- **Provided data**
[Start of section]
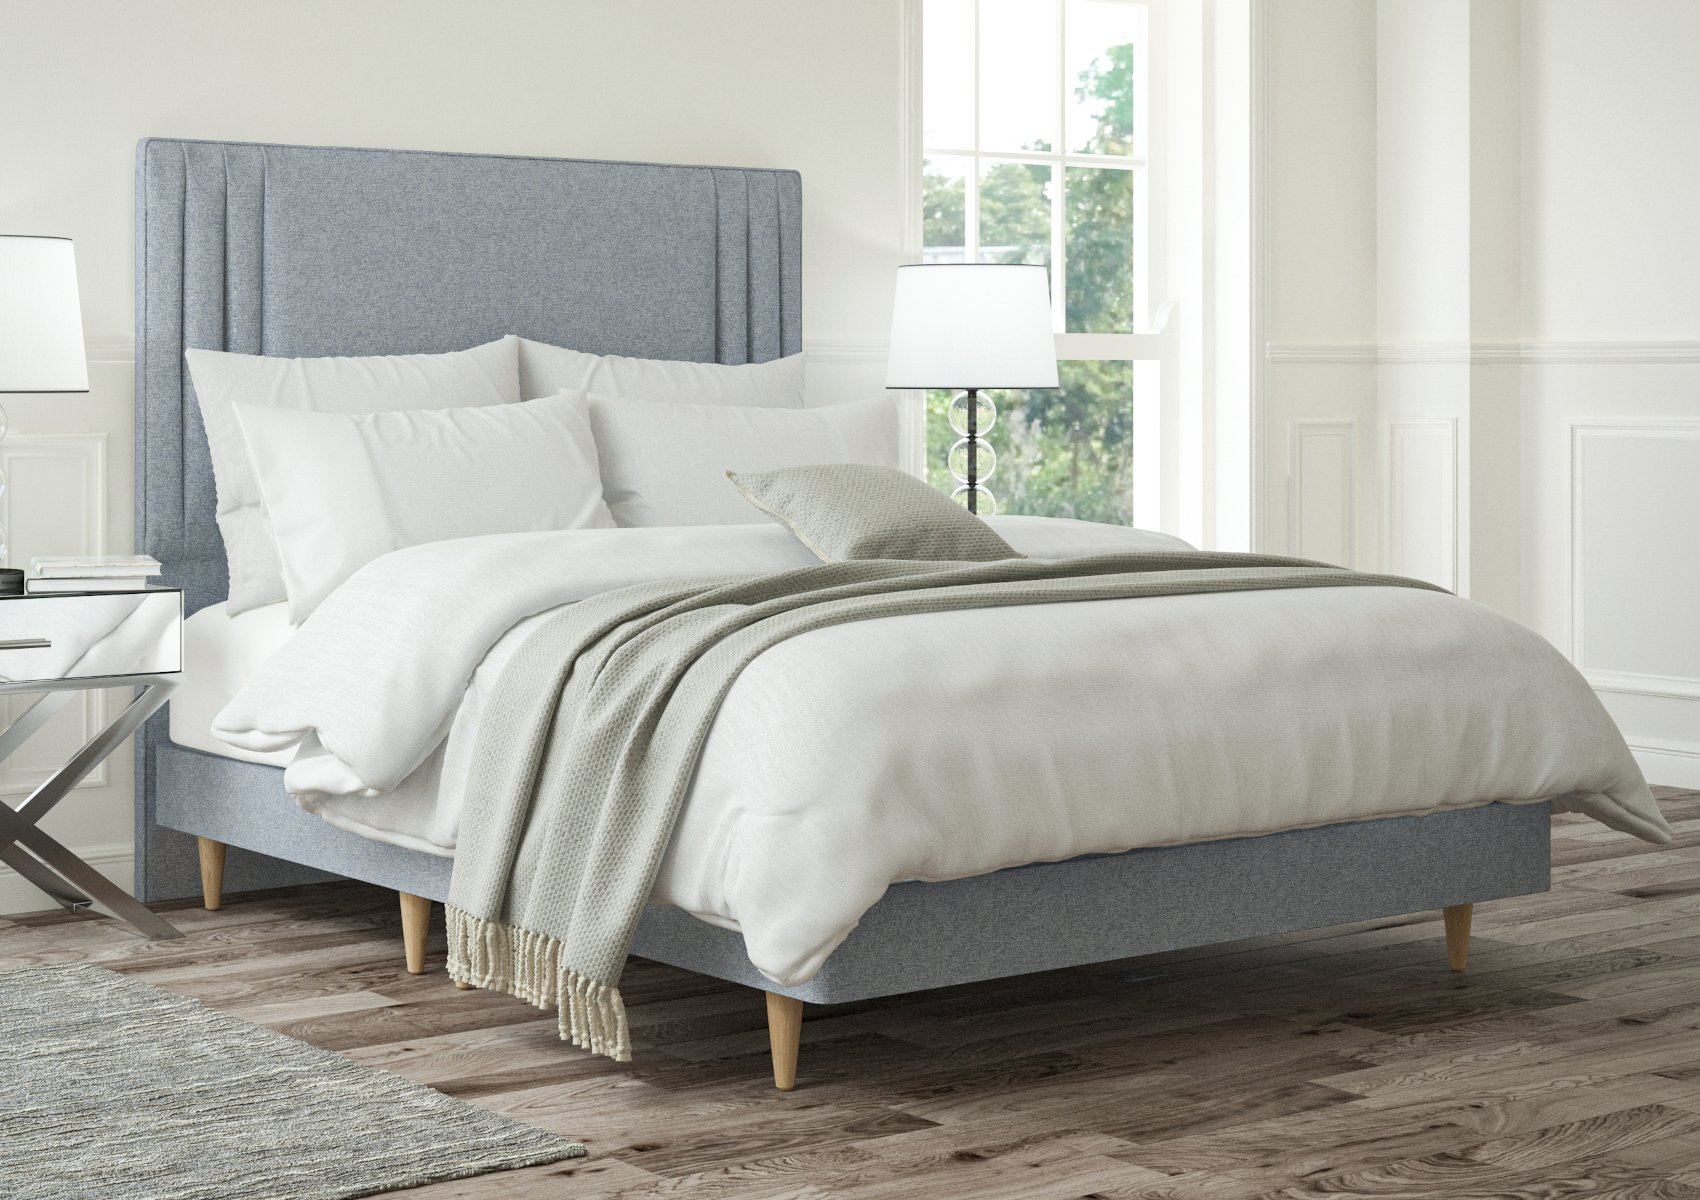 View Faith Arran Cyan Upholstered Double Bed Time4Sleep information
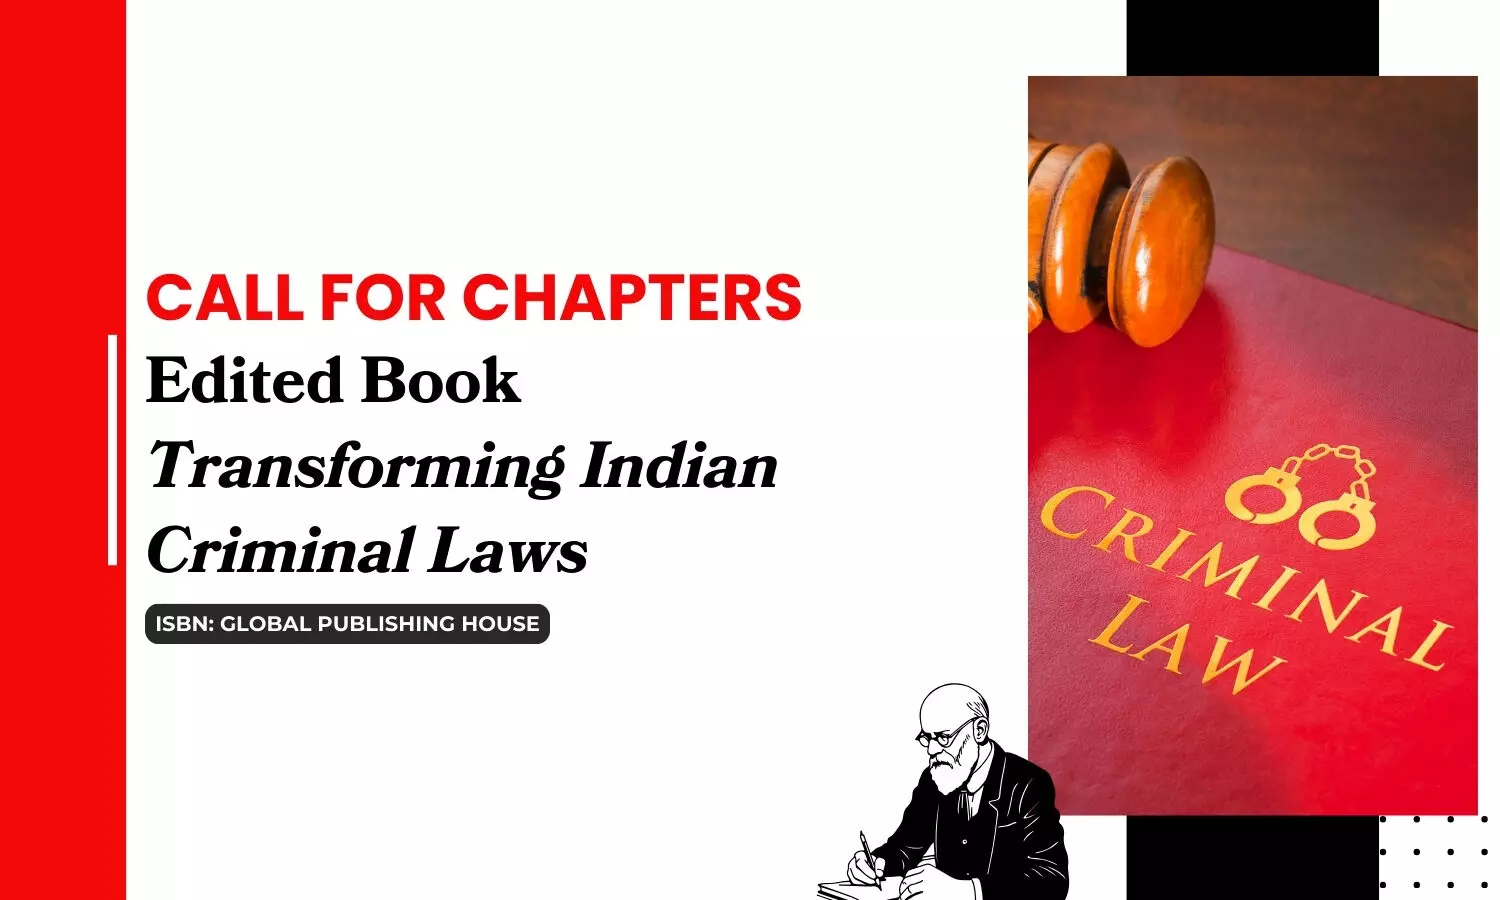 Call for Chapters for an Edited Book on Transforming Indian Criminal Laws (with ISBN)
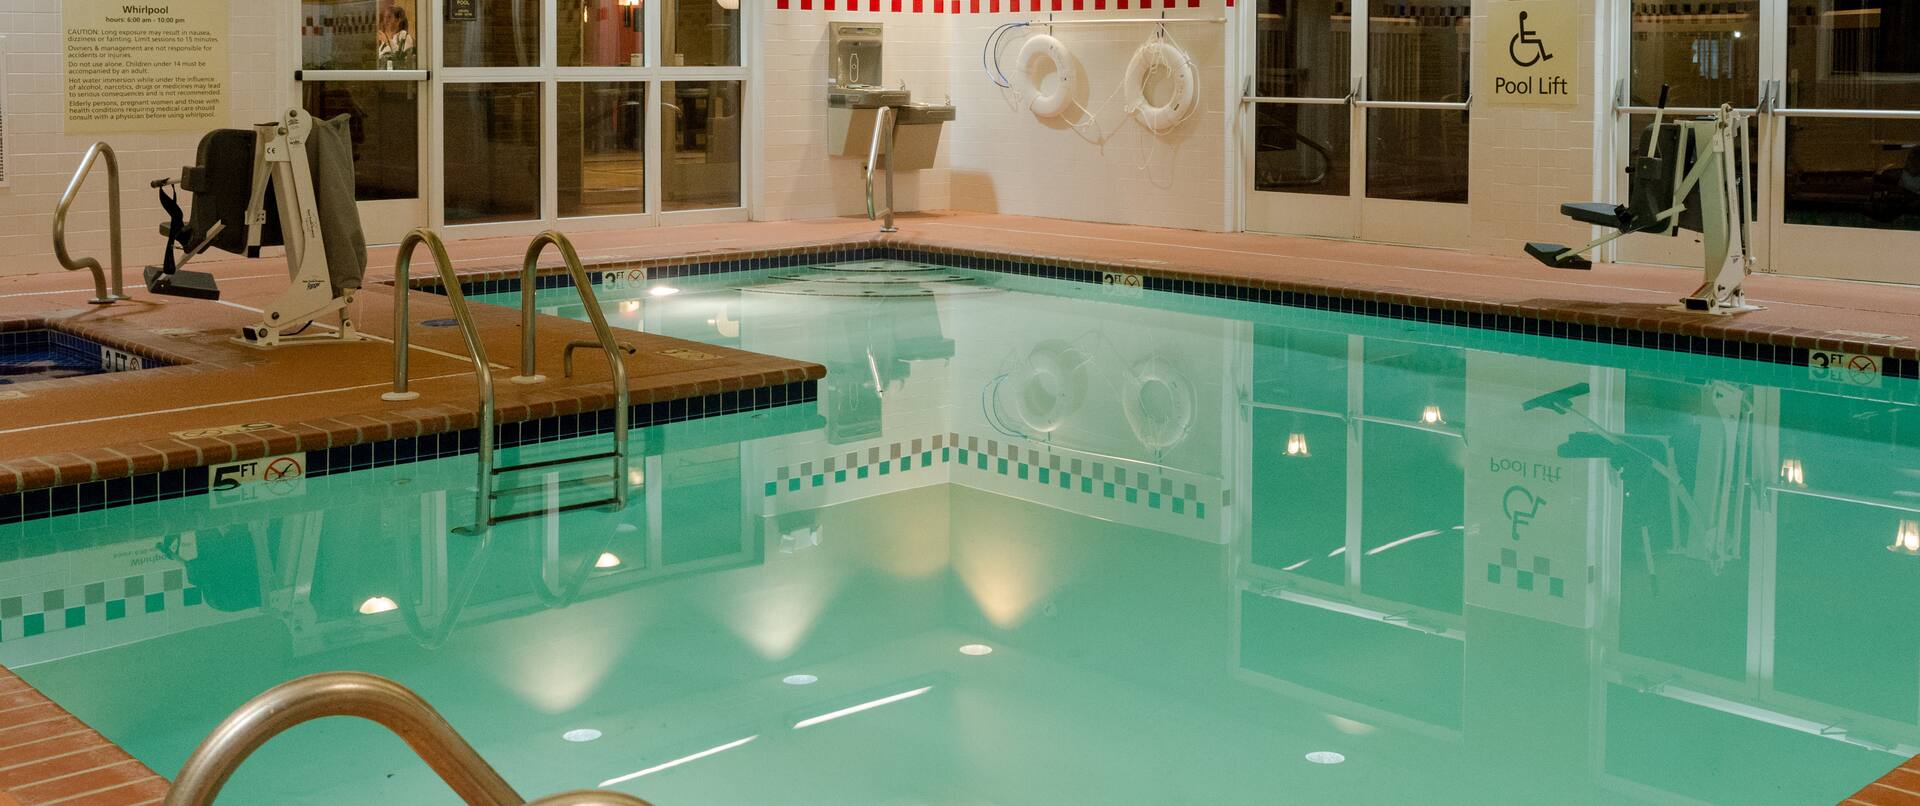 Indoor Pool and Whirlpool
[End of section]
Write every line of the data out again exactly, leaving out all images.

- **Task result**
 View Faith Arran Cyan Upholstered Double Bed Time4Sleep information
 Call for Chapters for an Edited Book on Transforming Indian Criminal Laws (with ISBN)
 Indoor Pool and Whirlpool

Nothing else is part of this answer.